Search for "as-built drawings UK" and almost every result you find will be a measured survey company. This is not because as-built drawings and measured surveys are the same thing — they are not — but because the two terms have become tangled together in how the industry talks about them.
This confusion costs people money. Every week, contractors, facilities managers, and project teams pay for a full measured survey when they already have everything needed to produce accurate as-built drawings without one. Understanding the actual difference between the two will help you get the right service, at the right cost, in the right timeframe.
A measured survey is a physical site visit where a surveyor measures an existing building or structure using laser scanning, total station survey equipment, or manual measurement. The output is a set of dimensionally accurate drawings or a point cloud model that records the building exactly as it currently exists.
A measured survey is the right choice when no reliable drawings exist for a building at all. This applies to older buildings predating CAD, heritage and listed structures, properties that have changed hands multiple times with no documentation passed on, or any situation where the actual as-built condition is genuinely unknown and needs to be captured from scratch.
Measured surveys are accurate, but they are also the most expensive and slowest way to produce as-built documentation, because someone has to physically attend site, capture the data, and process it before any drawings exist.
An as-built drawing is a drawing that records the final, completed condition of a construction project — incorporating every change made during the build. It does not require a new site survey if the information needed to update the drawings already exists in another form.
That information usually exists as redline markups — handwritten or PDF-annotated changes made by site teams throughout construction — combined with the original design drawings. If a contractor has maintained a reasonable redline record throughout the build, as-built drawings can be produced directly from that record without anyone visiting site.
This is the critical distinction. A measured survey captures an unknown building from scratch. An as-built drawing updates a known design with the changes that were made during construction. They solve different problems, and one is usually far faster and cheaper than the other.
For the vast majority of completed construction projects in the UK, this second category applies. The information needed already exists — it just needs to be turned into a proper drawing set.
A measured survey involves booking a surveyor, scheduling site access, the survey itself, data processing, and then drawing production — typically a process measured in weeks, with costs that scale significantly with building size and complexity.

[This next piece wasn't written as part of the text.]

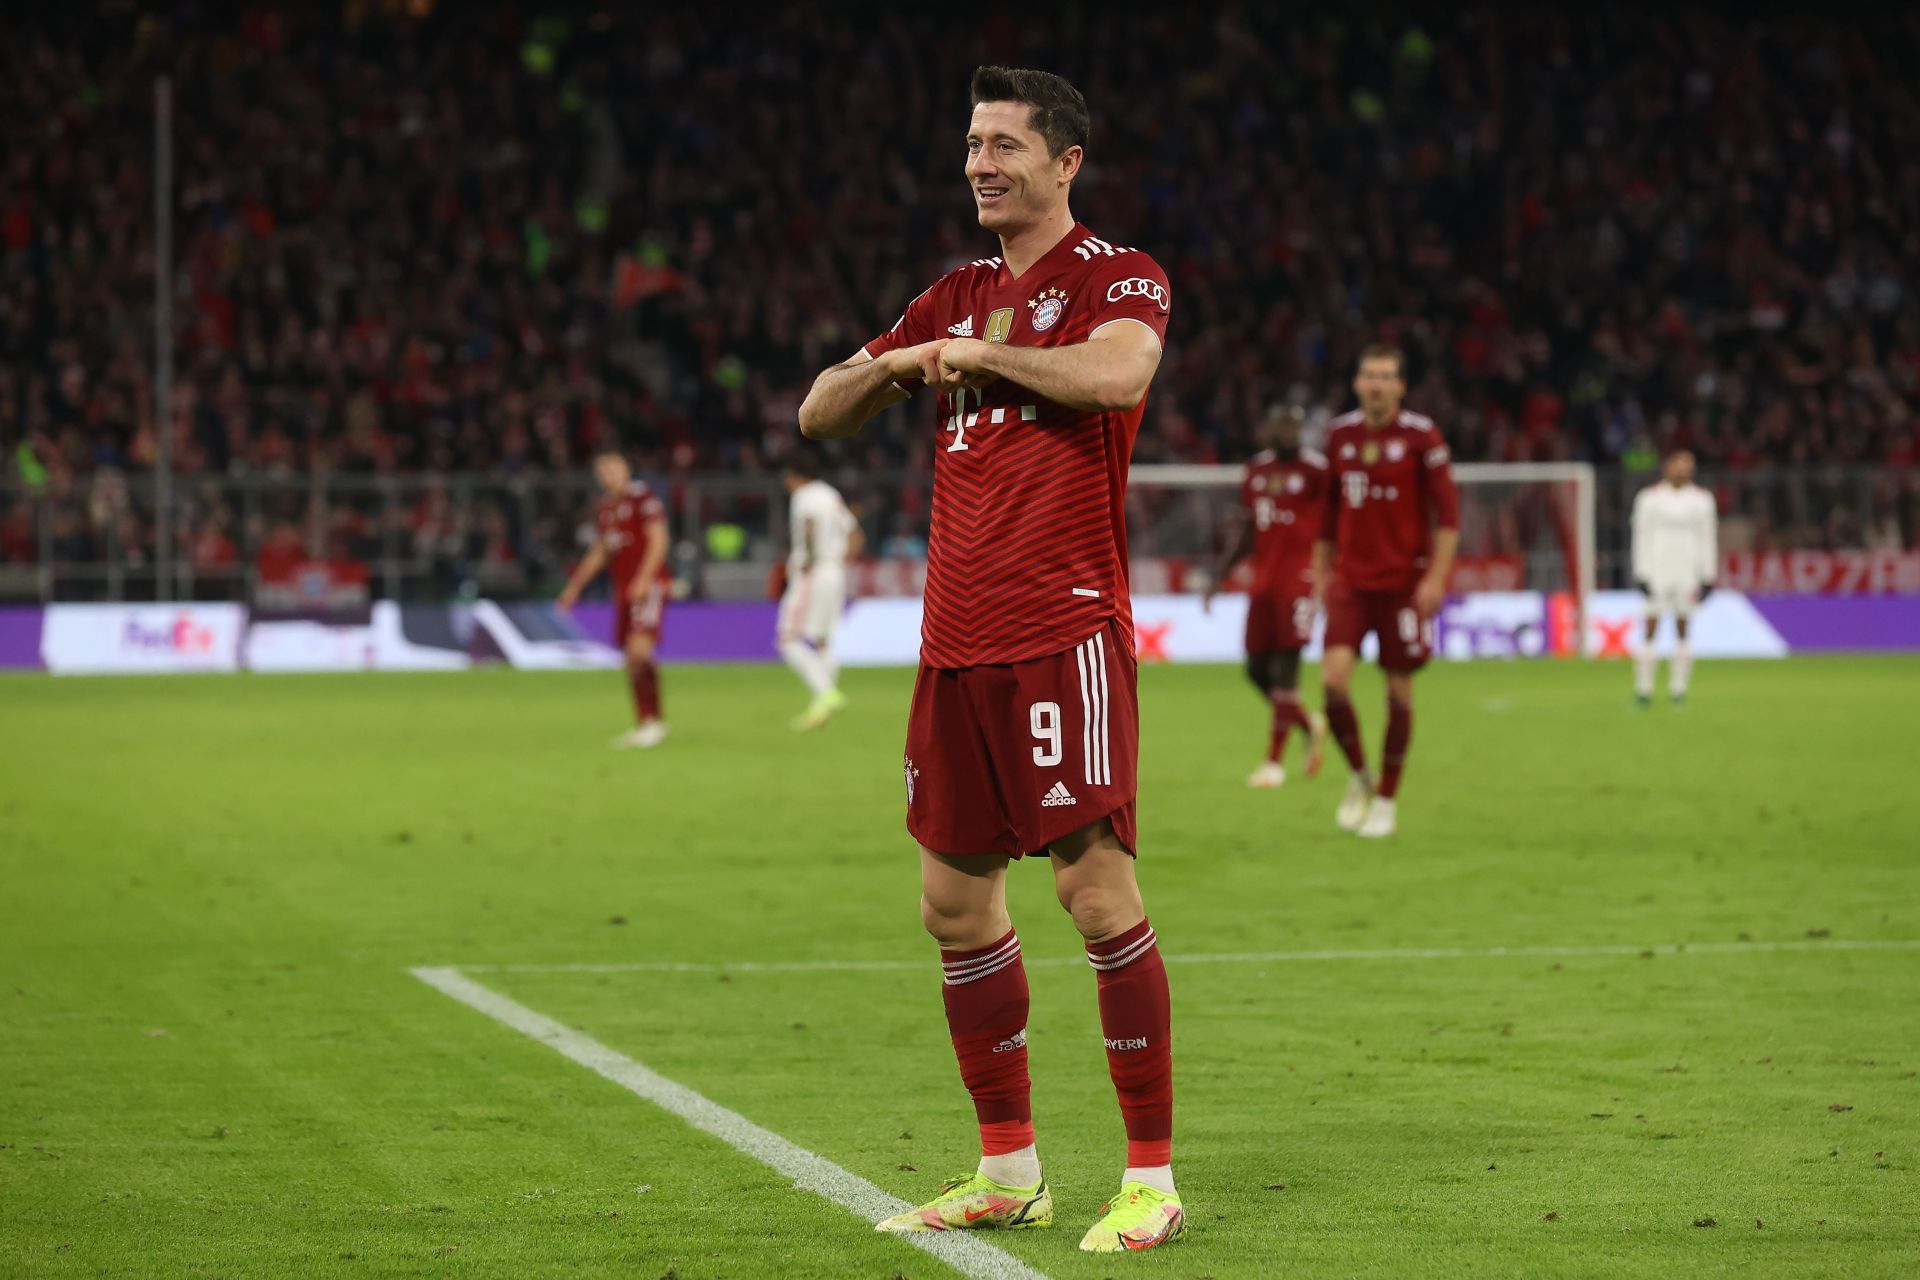 Robert Lewandowski is one of the most successful strikers in Champions League history

As-built drawing production from existing redlines and design drawings can be turned around in 24 to 48 hours for a standard project, because there is no site visit required and no raw survey data to process. The cost is correspondingly lower, since the work is purely CAD production rather than data capture plus production.
A simple way to check is to ask: do I already have design drawings for this building, and were any changes during construction recorded in some form — markups, photos, site notes? If yes to both, you almost certainly need as-built drawing production, not a survey.
If you genuinely have no drawings at all, or the building has been altered so many times that nobody is confident what is actually there, a measured survey is the right starting point — and at that stage, Outsource CAD's point cloud to CAD service can take scan data from a survey and turn it into drawings or a BIM model.
Outsource CAD specialises in as-built drawing production from redline markups, site photographs, and existing design drawings — without requiring a new measured survey. We work across construction, M&E, oil and gas, and telecoms projects, producing CDM-compliant as-built drawing sets within 24 to 48 hours.
If you have redlines sitting in a folder from a project that completed months ago, or a CDM health and safety file that still needs as-built drawings before it can be signed off, get in touch. Send your original drawings and redline markups to info@outsourcecad.com or call +44 28 9009 8876 and we will confirm whether a survey is genuinely needed — or whether we can turn your existing information into a finished drawing set within two days.
Is an as-built drawing the same as a record drawing?
Yes. As-built drawings and record drawings are the same thing — both refer to drawings that capture the final, completed condition of a construction project.
Can I get as-built drawings without a site survey?
Yes, in most cases. If you have the original design drawings and a reasonable record of changes made during construction — redline markups, site photos, or annotated PDFs — as-built drawings can be produced directly from that information without a new survey.
When is a measured survey actually necessary?
A measured survey is necessary when no reliable drawings exist for the building, when the building has been altered repeatedly with no documentation, or when a high level of dimensional accuracy is required that markups cannot provide.
How much faster is as-built drawing production compared to a measured survey?
As-built drawings from existing redlines can typically be turned around in 24 to 48 hours. A full measured survey, including site visit, data processing, and drawing production, typically takes several weeks depending on building size and complexity.
Are as-built drawings required by law?
As-built drawings are required under CDM Regulations 2015 as part of the health and safety file for notifiable construction projects, and are commonly required by building control and facilities management procedures.